Tuttavia, per quanto attiene all’individuazione del “centro degli interessi” del danneggiato, la Corte ha distinto la posizione delle persone fisiche da quella delle persone giuridiche.
La Corte ha ritenuto che, per le persone fisiche, il centro degli interessi della persona offesa corrisponde generalmente allo Stato membro della loro residenza abituale, e che solo eccezionalmente siffatta persona può avere il centro dei propri interessi anche in uno Stato membro in cui non risiede abitualmente, ove altri indizi, quali l’esercizio di un’attività professionale, possano dimostrare l’esistenza di un collegamento particolarmente stretto con un altro Stato (punto 39).
Per quanto riguarda le persone giuridiche, invece, la Corte ha ritenuto che esso deve rispecchiare il luogo in cui la sua reputazione commerciale è la più solida e deve quindi essere determinato in funzione del luogo in cui essa esercita la parte essenziale della propria attività economica (punto 40). Il centro degli interessi della persona giuridica coincide soltanto eventualmente con la propria sede sociale.

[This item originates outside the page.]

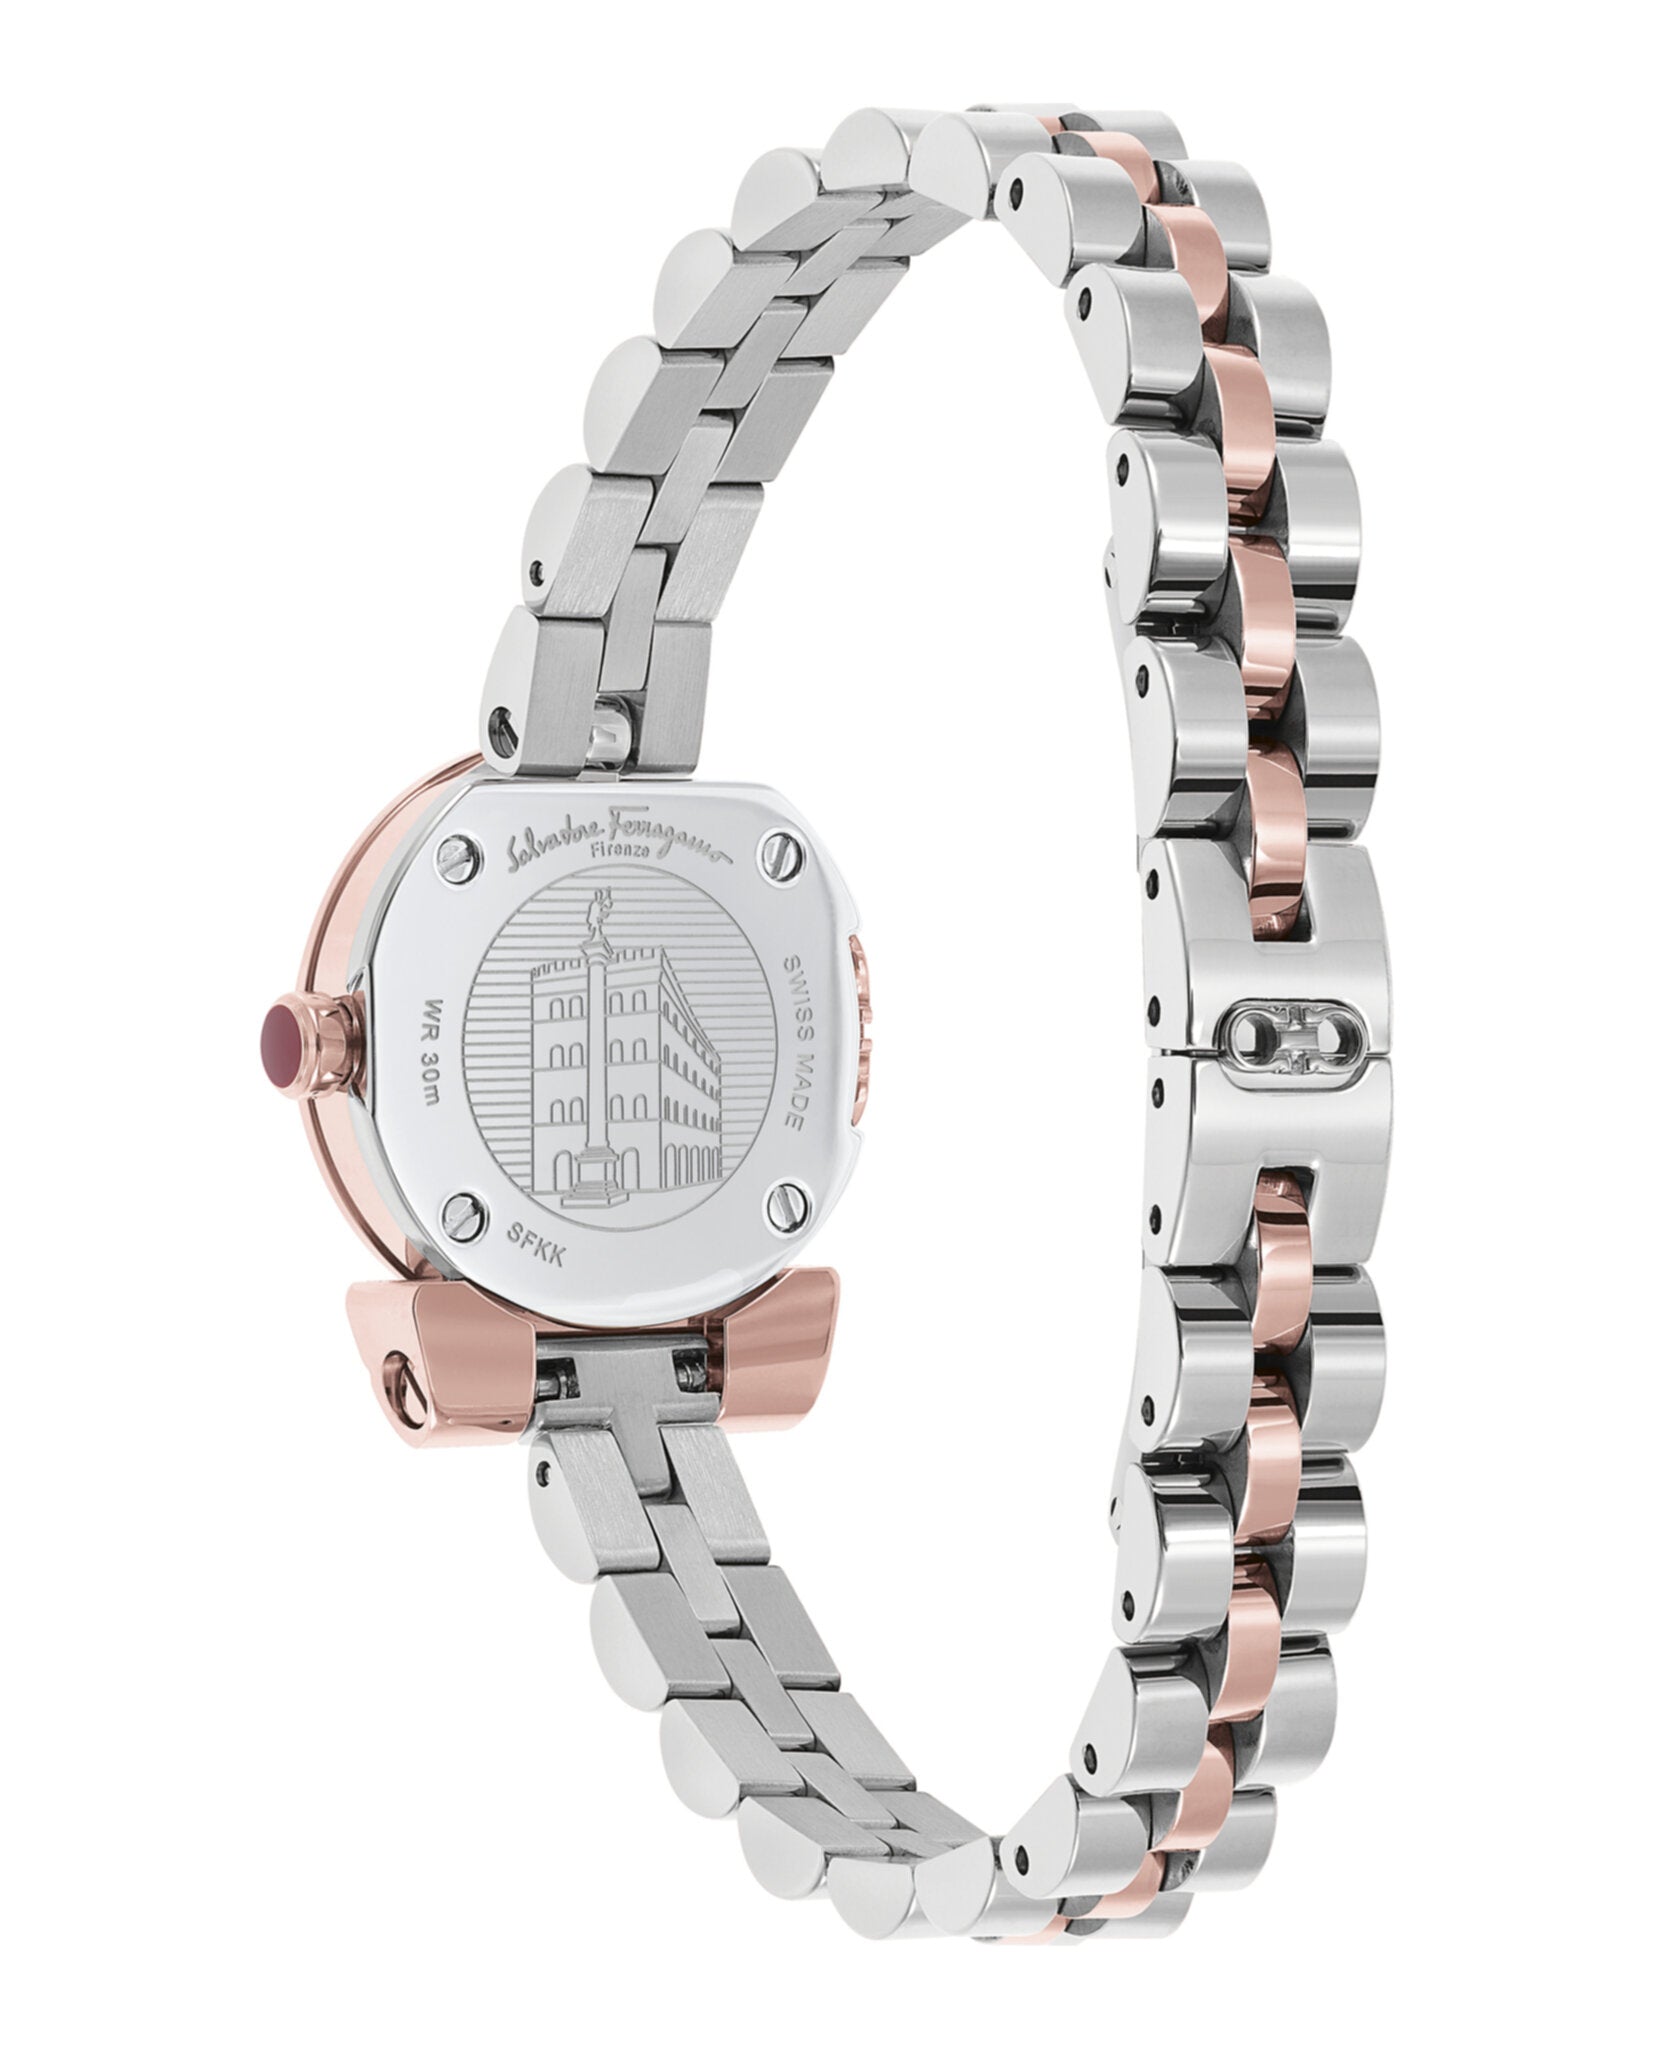 Gancino Bracelet Watch

Ancorché ciò non risulti espressamente dalla motivazione della sentenza, tale distinzione sembra produrre una importante distinzione in relazione all’onere della prova sui fatti idonei a fondare la competenza giurisdizionale del giudice adito in questi casi. Mentre la persona fisica potrebbe infatti limitarsi ad allegare la propria residenza nello Stato membro del giudice adito per far presumere che esso sia anche lo Stato ove si trova il centro dei propri interessi, la persona giuridica potrebbe trovarsi nella condizione di dover dimostrare che lo Stato del foro è quello nel quale esercita la parte essenziale della propria attività economica.
La sentenza in commento ha inoltre affermato un altro importante principio di diritto, stabilendo che, in considerazione dell’universalità della rete e dell’ubiquità dell’accesso ai dati pubblicati in internet, il ricorso proposto da colui che si ritenga danneggiato da informazioni o commenti ingiuriosi pubblicati su un sito internet non può (e non deve) essere proposto in ciascuno Stato membro nel cui territorio siano o siano state accessibili le informazioni, ma deve essere proposto soltanto dinanzi alle autorità dello Stato competente a decidere sulla totalità del danno causato da tali informazioni.